## TASK DESCRIPTION
Leave out the pictures and repeat the data exactly.

[SOURCE DATA]

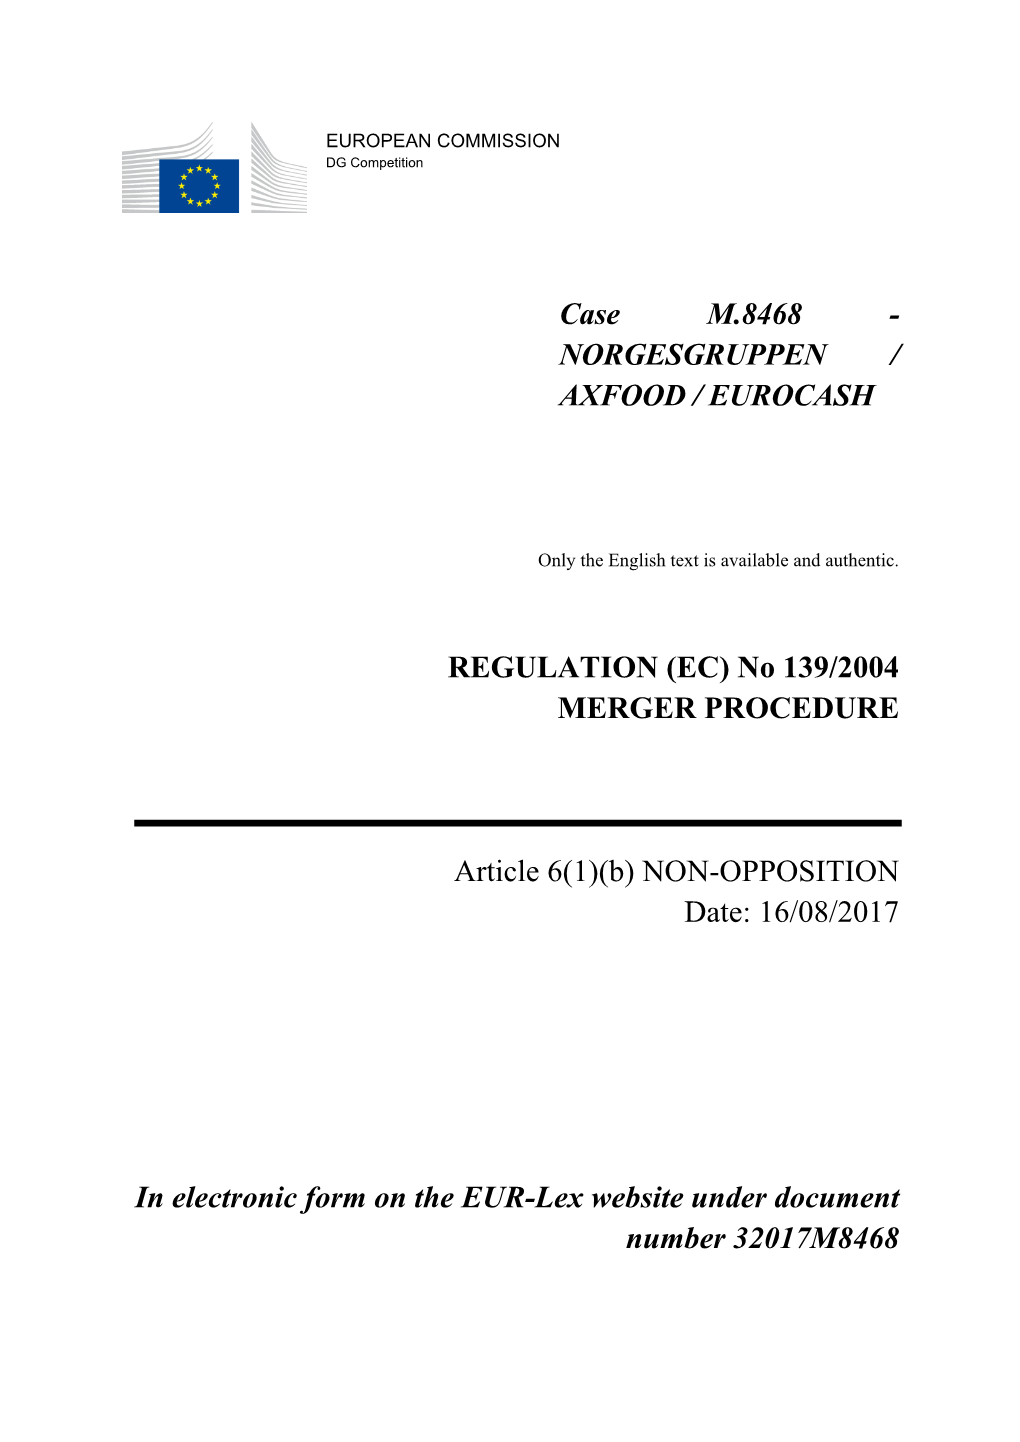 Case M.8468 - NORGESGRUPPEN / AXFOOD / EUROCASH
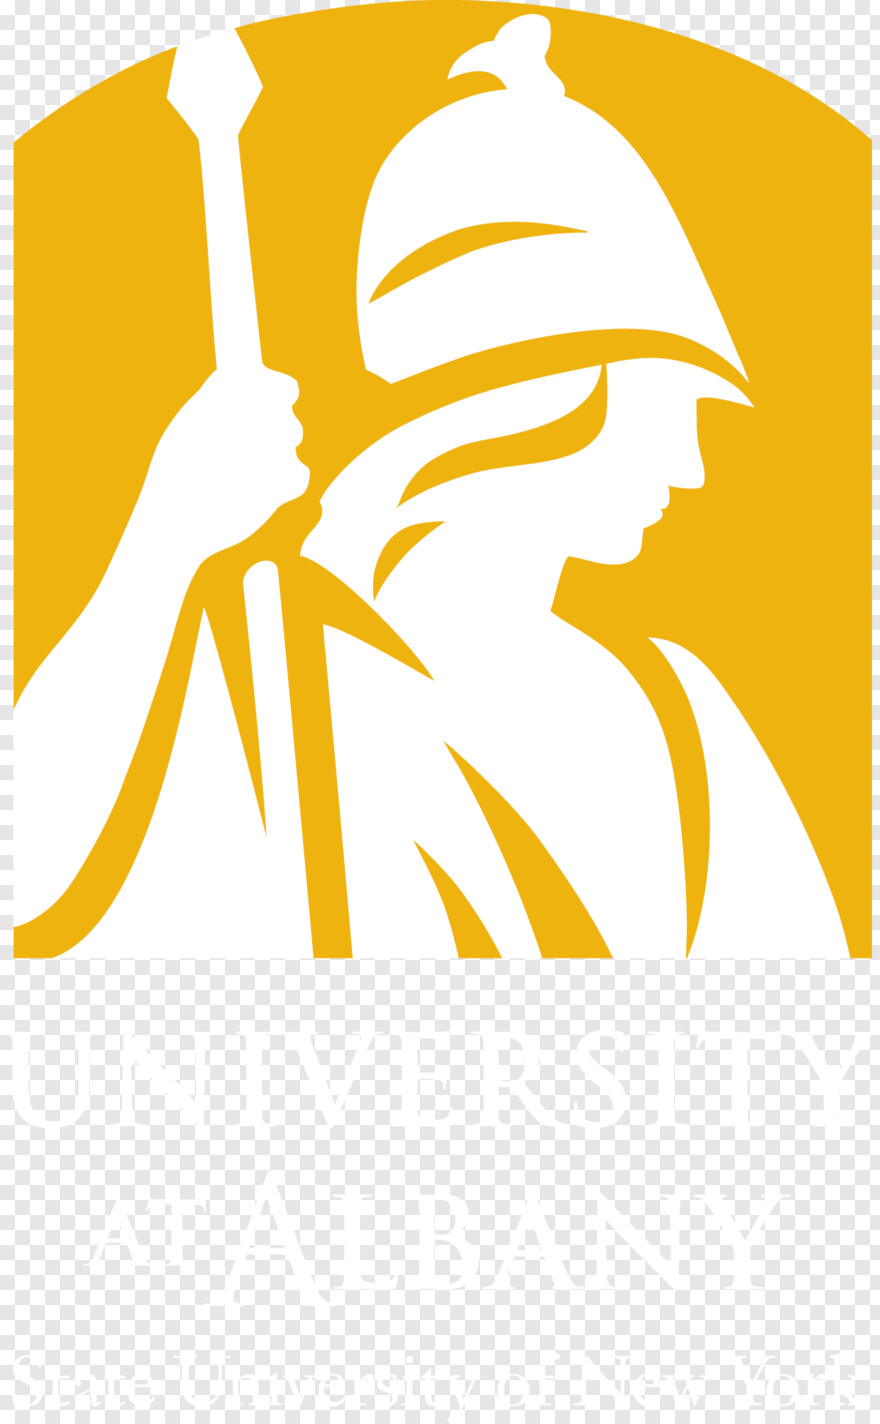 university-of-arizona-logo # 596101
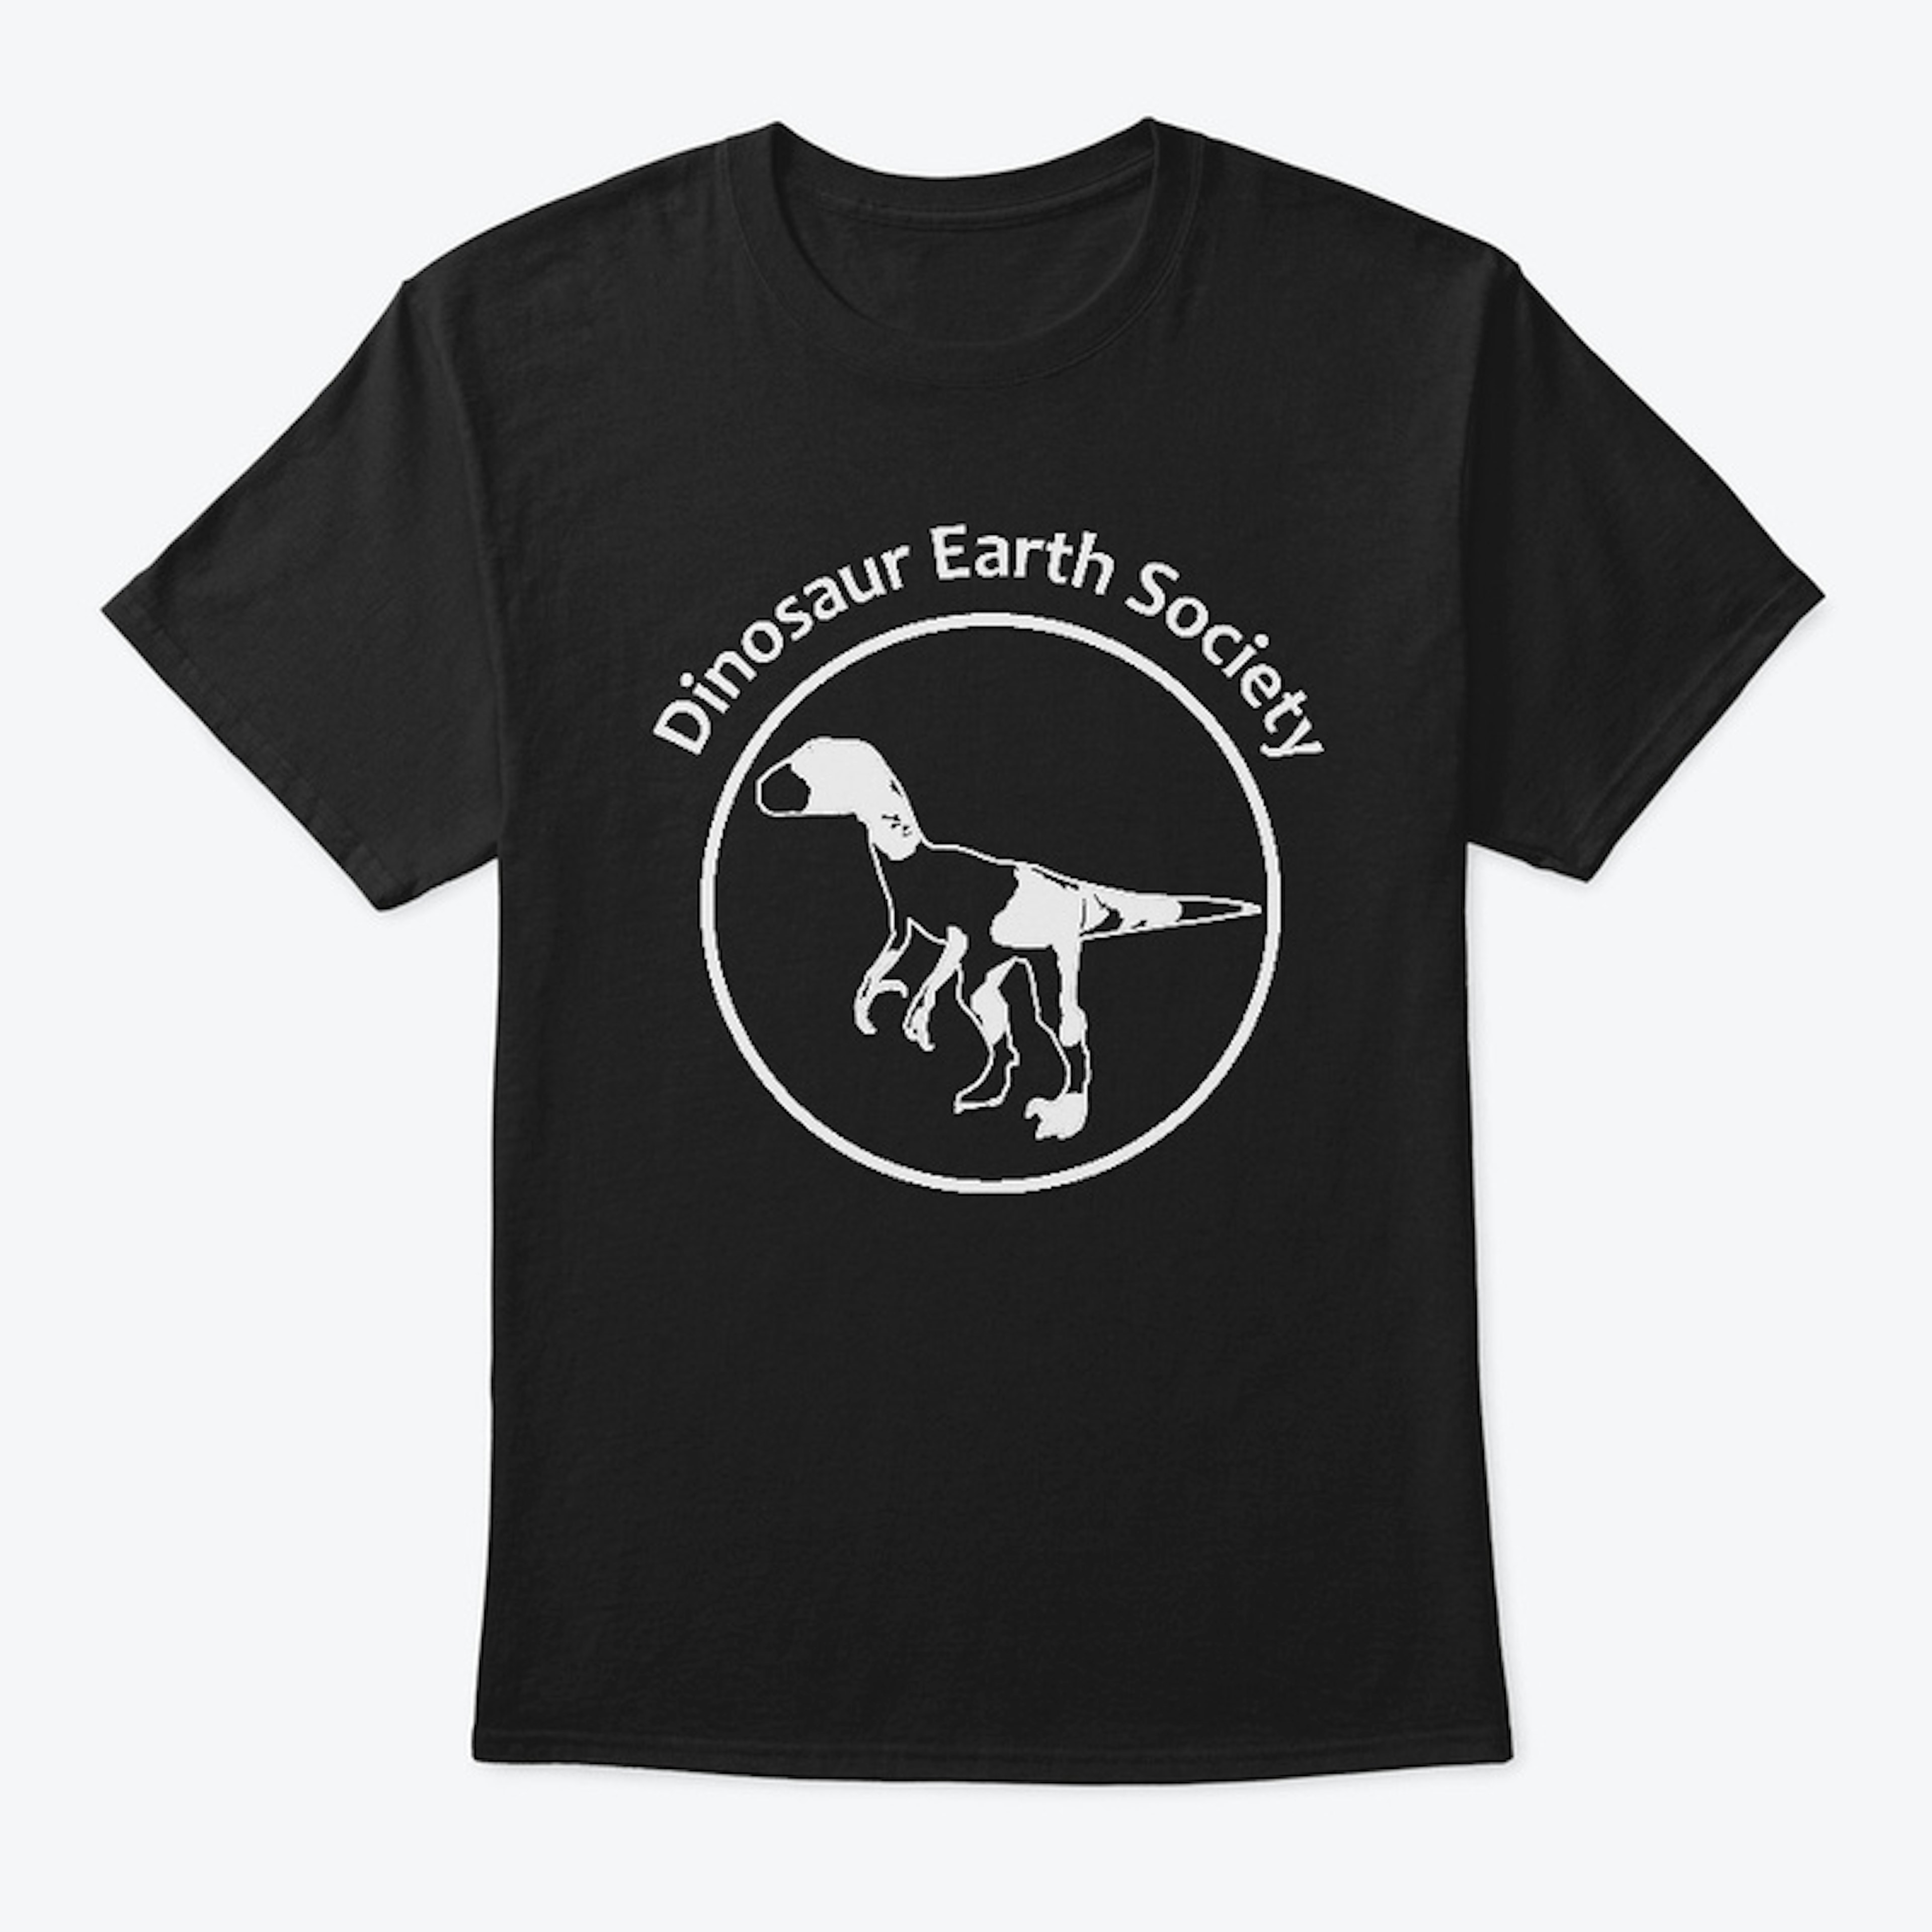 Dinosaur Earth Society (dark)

[/SOURCE DATA]

## TASK RESULT
 Case M.8468 - NORGESGRUPPEN / AXFOOD / EUROCASH
 university-of-arizona-logo # 596101
 Dinosaur Earth Society (dark)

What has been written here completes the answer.